(203j) Virtual High-Throughput Screening Pipeline: Size and Classification Distribution Effects on Experimentally Validated Hit-Rates | AIChE

(203j) Virtual High-Throughput Screening Pipeline: Size and Classification Distribution Effects on Experimentally Validated Hit-Rates

Authors 

Chen, J. J. - Presenter, University of Notre Dame
Visco, D. Jr., The University of Akron
Schmucker, L., The University of Akron
Drug leads are a small fraction of small organic compounds, which itself is a small fraction of conceivable organic molecules. High-Throughput screening (HTS) is used to screen multitudes of compounds in parallel (test more compounds at the same time) and in experimental working volumes (reduce the amount of reagents and biological substances used). However, HTS has a nominal hit-rate of a few percent at best (Dobson, 2004) and thus most resources are used to test inactive compounds. In efforts to increase efficiency, computational methods are used to pre-screen compound libraries: likely active molecules are focused on and likely inactive or negative molecules are removed.

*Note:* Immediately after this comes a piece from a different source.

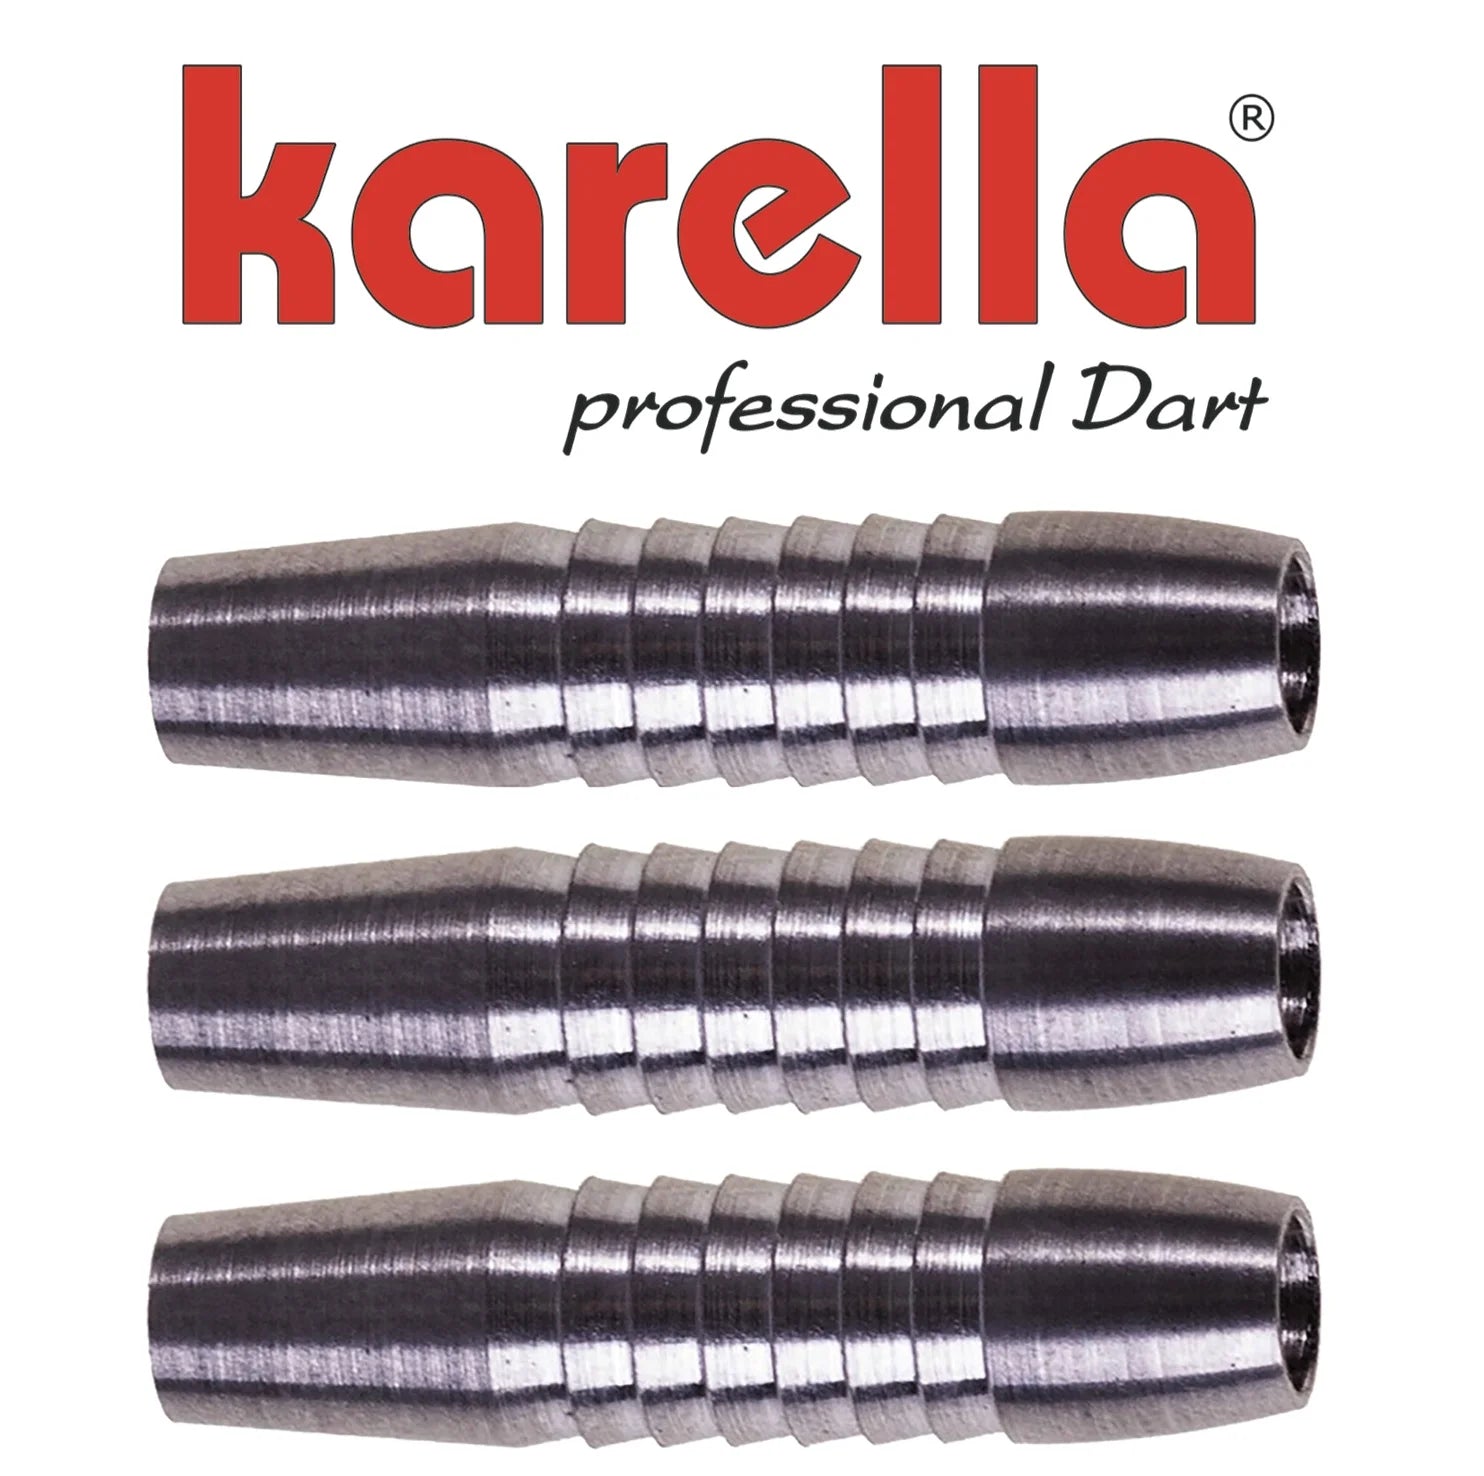 Karella Soft Dart Barrel Profi Line PLS-04 16g/80%

Previously, we developed a virtual HTS (vHTS) pipeline: using available experimental data, models predicting class and activity are trained and applied to compound databases to identify compounds likely to be active and to focus experimental efforts on (Chen and Visco, 2016), with the option of retraining the models to improve performance (hit-rate) or to identify more leads. The pipeline was applied several NCBI’s PubChem Bioassay datasets: AID 825 (target: Cathepsin L, 1st iteration hit-rate: 19%, 2nd iteration hit-rate: 75%) (Chen and Visco, 2016), AID 728 (target: Factor XIIa, 1st iteration hit-rate: 43%, 2nd iteration hit-rate: 100%) (Chen and Visco), and AID 846 (target: Factor Xia, 1st hit-rate: 27%, 2nditeration hit-rate: 62%) (Chen and Visco).

To determine the hit-rate enrichment ability of the pipeline, we have applied our pipeline on more datasets, specifically targeted to examine how the pipeline responds to datasets of different sizes and classification distributions. Determining the effect of these two dataset parameters will indicate what datasets the pipeline has the most enrichment value on and/or what the expected enrichment ability is for a given dataset.

In this poster, we present work characterizing the effects of size and classification distribution. While controlling for one parameter (size or classification distribution), the other is varied. Experimental validation is conducted based on the protocol specified by the original dataset to determine vHTS hit-rates. The hit-rates determined using the same experimental protocol will allow for direct comparison of hit-rates and to identify the hit-rate enrichment ability of the pipeline for a given dataset. Based on the results, there will be a clearer idea what datasets will have the most impact on and what an expected hit-rate for a given dataset would be. We also aim to show, indirectly, the pipeline’s hit-rate enrichment ability is repeatable and the pipeline is robust enough to handle many different kinds of datasets.

Chen J.J.F., Visco D.P. Jr., Developing an in silico pipeline for faster drug candidate discovery: Virtual high throughput screening with the Signature molecular descriptor using support vector machine models, Chemical Engineering Science, 2 March 2016. http://dx.doi.org/10.1016/j.ces.2016.02.037.

Dobson, C.M., 2004. Chemical space and biology. Nature 432, 824-828.

Chen, J.J.F, Visco, D.P. Jr. Identifying Novel Factor XIIa Inhibitors With PCA-GA-SVM Developed vHTS Models. Manuscript in preparation.

Chen, J.J.F, Visco, D.P. Jr. Identifying Novel Factor XIa Inhibitors With PCA-GA-SVM Developed vHTS Models. Manuscript in preparation.